Lymphoma: This is a common cause of diffuse thoracoabdominopelvic pathology, particularly when splenomegaly is absent. Lymphoma can involve multiple lymph node groups and organs, leading to widespread disease.

Metastatic Cancer: Various primary cancers (e.g., breast, lung, colon) can metastasize to multiple regions of the body, including the thorax, abdomen, and pelvis, without necessarily involving the spleen.
Sarcoidosis: This systemic granulomatous disease can affect multiple organs, including the lungs, lymph nodes, and abdominal organs, often without splenomegaly.
Tuberculosis: Although less common in some regions, tuberculosis can cause diffuse thoracoabdominopelvic pathology, including lymphadenopathy and organ involvement, without splenomegaly.
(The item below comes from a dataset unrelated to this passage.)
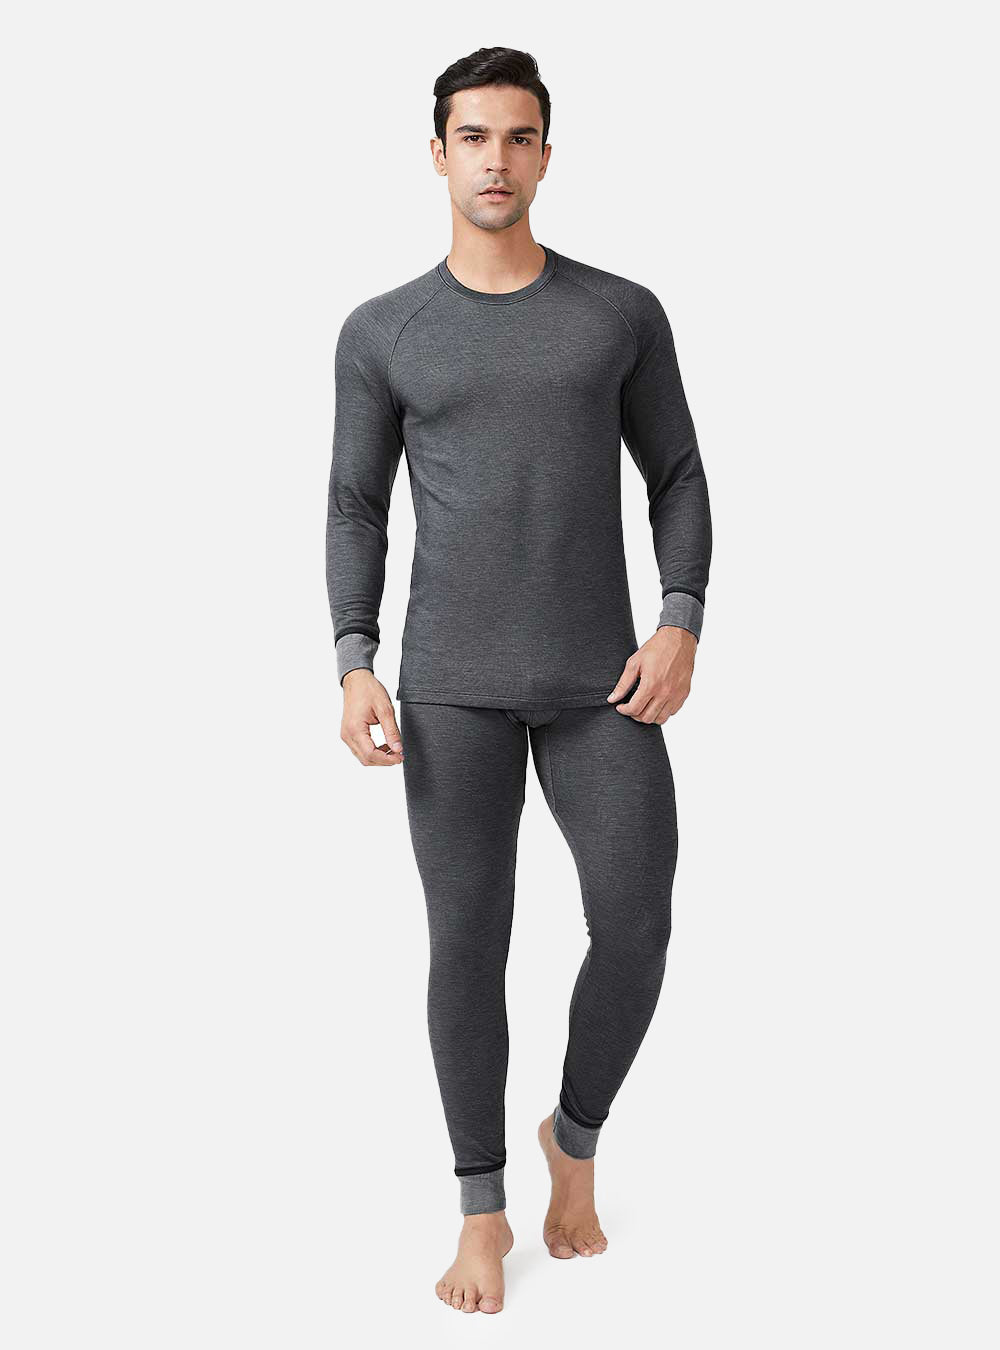 David Archy Thermal Set Cotton Double Layer Fleece Stretchy Smooth Double  Fleece Lined Base Layer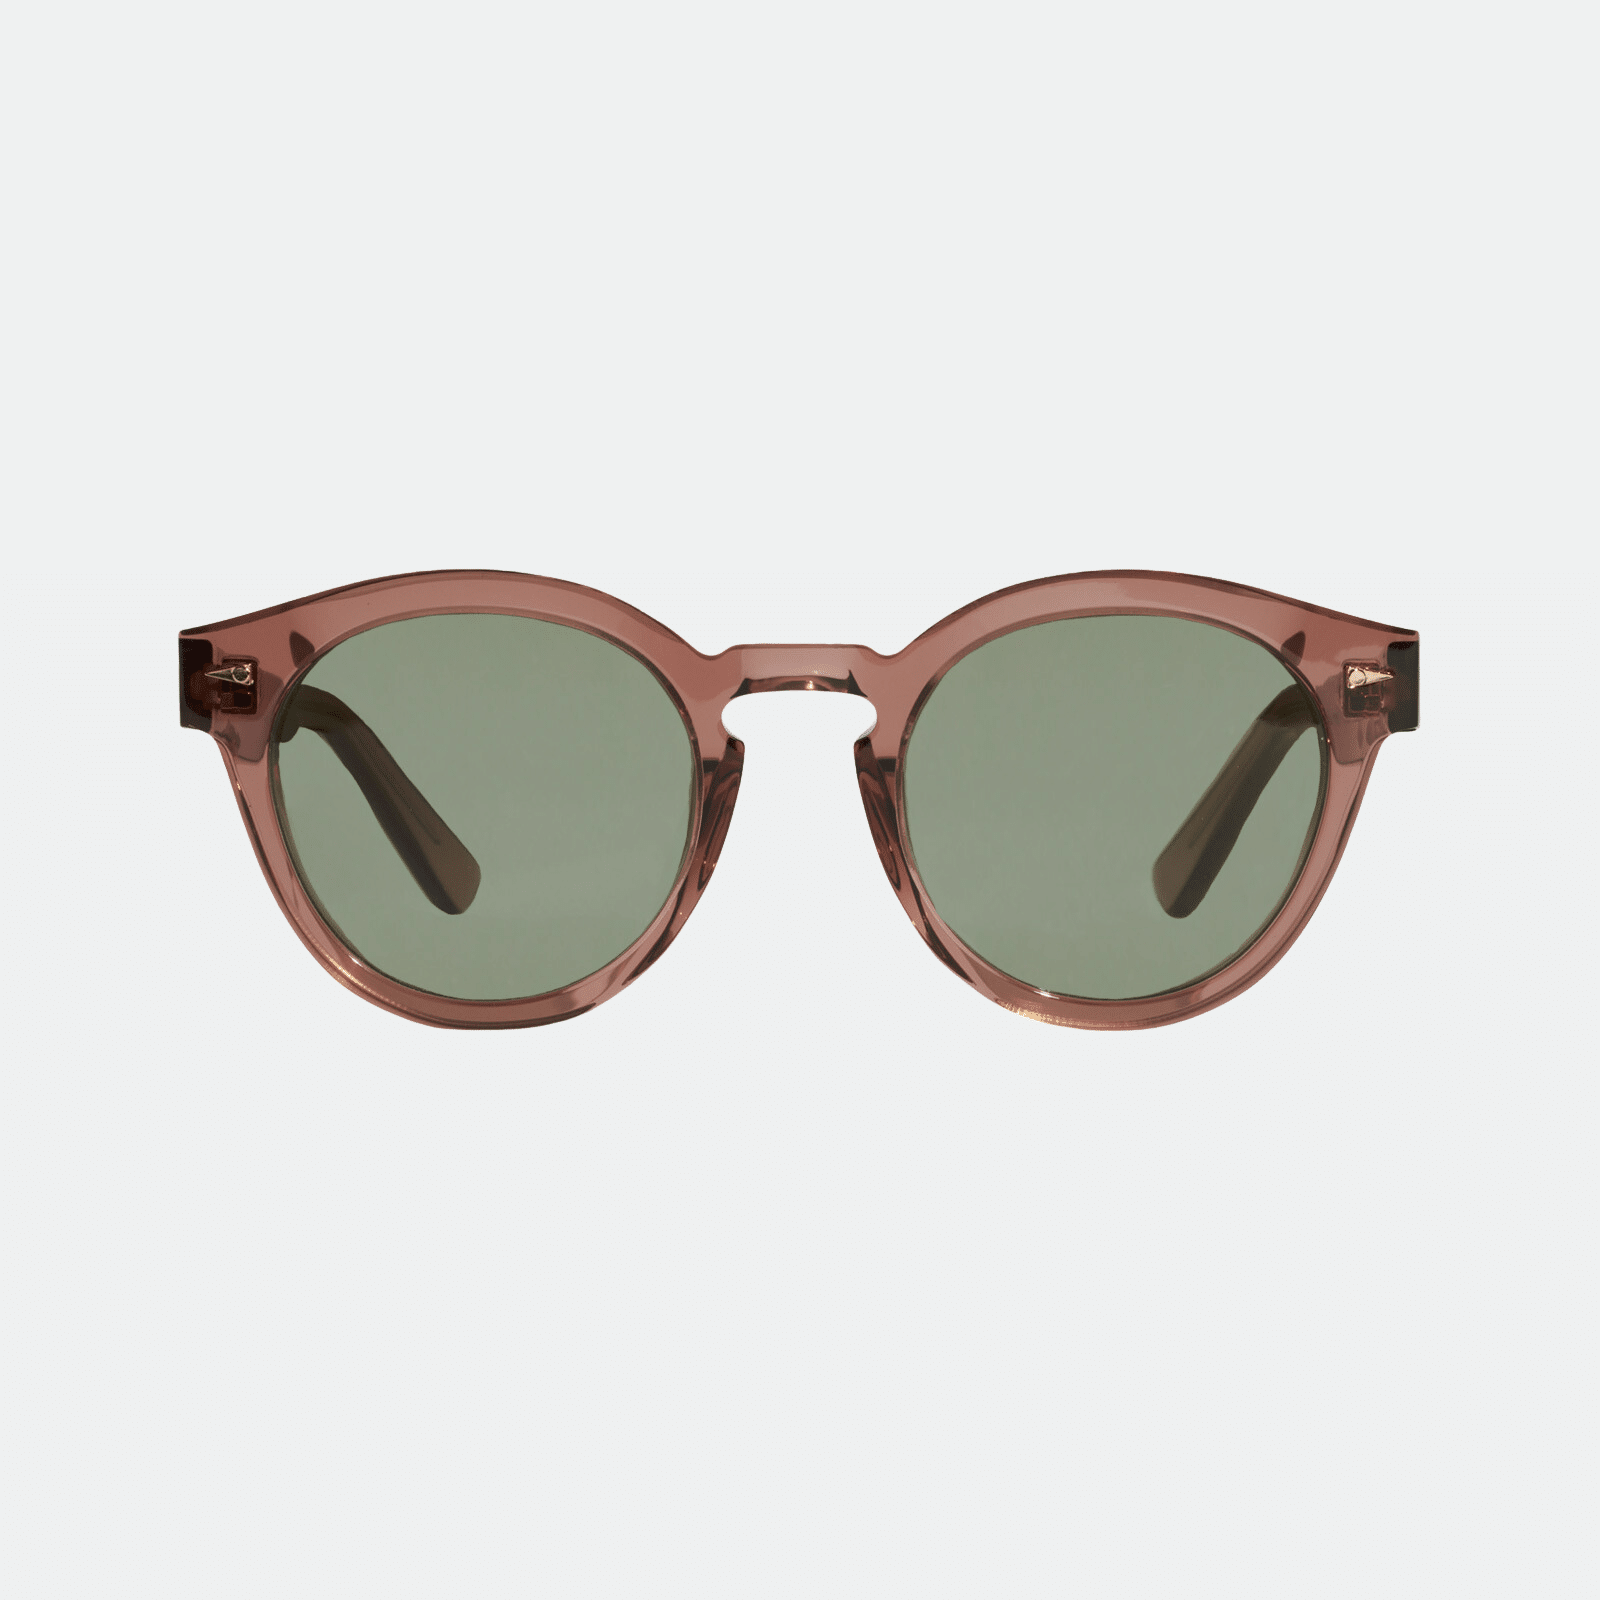 Ahlem Abbesses Sunglasses in Old Fashioned Rose

Histiocytosis: A group of rare diseases that can cause systemic symptoms and multi-organ involvement, including the lungs, bones, and abdominal organs. Missing this diagnosis could lead to delayed treatment and poor outcomes.
Systemic Lupus Erythematosus (SLE): An autoimmune disease that can affect multiple organs and systems, sometimes presenting with diffuse thoracoabdominopelvic pathology. SLE requires prompt recognition and treatment to prevent serious complications.
Wegener's Granulomatosis (Granulomatosis with Polyangiitis): A vasculitis that can involve the respiratory tract, kidneys, and other organs, potentially leading to severe and life-threatening complications if not diagnosed and treated early.

Castleman Disease: A rare lymphoproliferative disorder that can cause lymphadenopathy and systemic symptoms, sometimes involving multiple regions of the body.
** Erdheim-Chester Disease**: A rare form of histiocytosis that can cause systemic symptoms, bone lesions, and multi-organ involvement, including the lungs, heart, and abdominal organs.
Langerhans Cell Histiocytosis: A rare disorder characterized by the proliferation of Langerhans cells, which can lead to multi-organ involvement, including the bones, lungs, and abdominal organs.